El final de Rosalía parece cada vez más cercano y aunque Mar es oficialmente la sospechosa de su envenenamiento, Pablo aún alberga serias dudas sobre su culpabilidad. Pero la inminente muerte de su matriarca, no es el único terremoto que sacude a los Cortázar. La enigmática Julia ha irrumpido en sus vidas y viene dispuesta a reclamar lo que es suyo. Para ello no dudará en acercarse a Paula y Gustavo lo que desencadenará un nuevo juego de alianzas e intereses en las Bodegas Cortázar. La llegada de la heredera, parece remover los cimientos de la familia, pero Emma descubrirá una nueva verdad oculta durante años. Algo que afecta muy de cerca a Carlos.

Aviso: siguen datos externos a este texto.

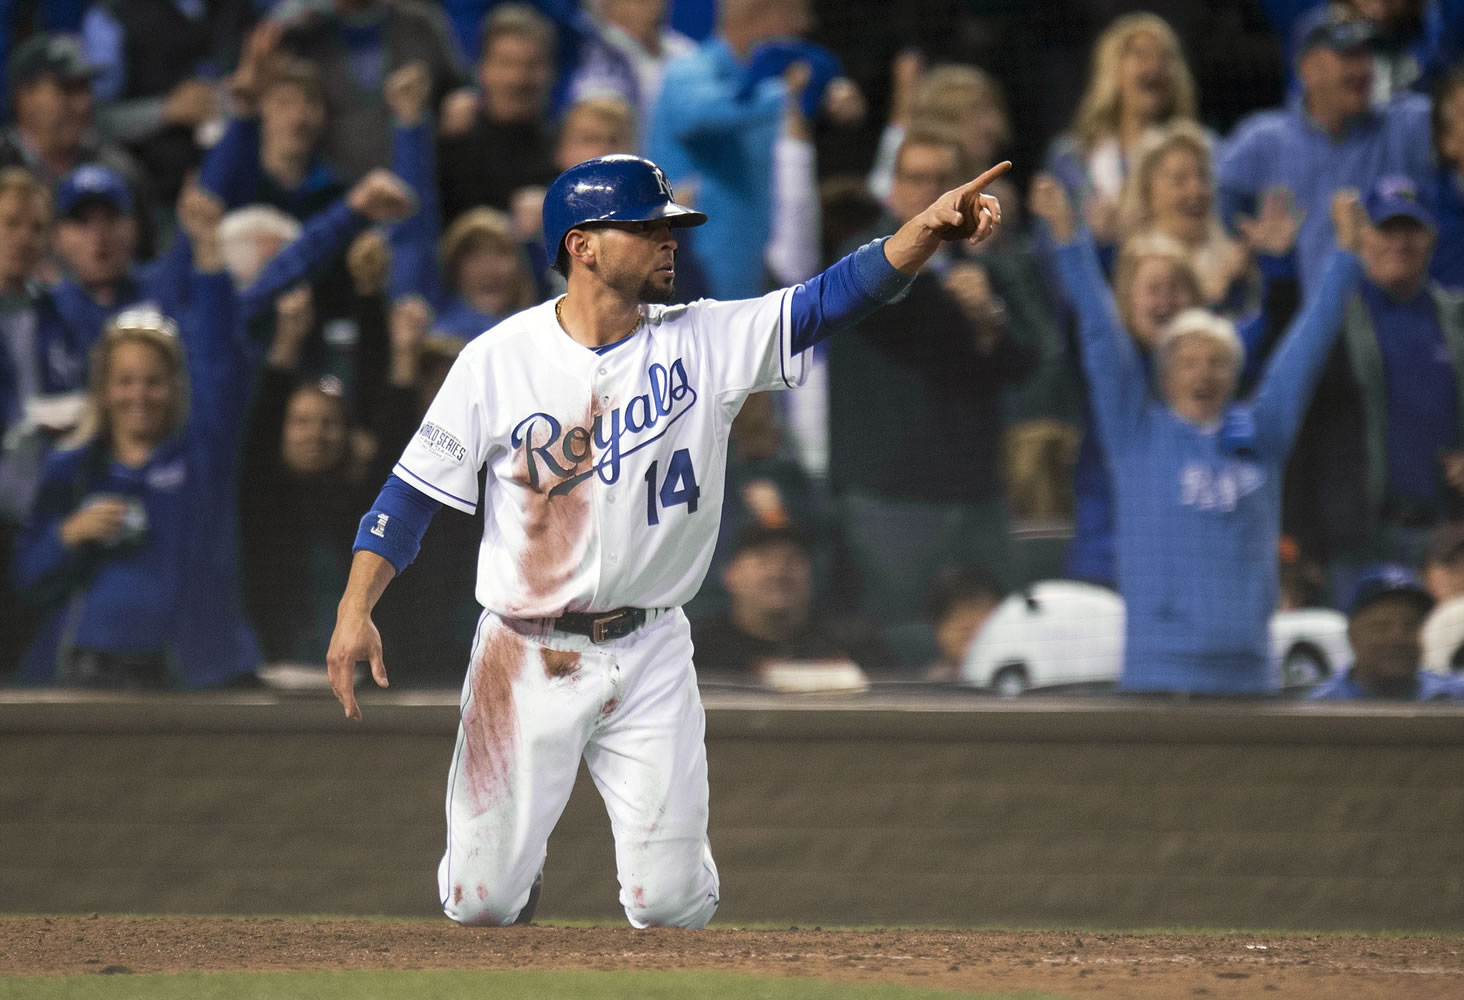 Kansas City Royals second baseman Omar Infante points after he dove past San Francisco Giants catcher Buster Posey to score in the fifth inning of Game 6 of the World Series in Kansas City, Mo.

Mientras, los Reverte viven días claves. El futuro de Lucía está a punto de resolverse en un juicio en el que el testimonio de Miguel ha provocado que su familia le dé la espalda. Raúl hará lo imposible por evitar que la resolución del juez le implique en la causa. En un momento crítico para todos, Sofía recibe una oferta para vender las bodegas Reverte. ¿Desprenderse del negocio por el que tanto han luchado supondrá al fin la solución a todos sus problemas?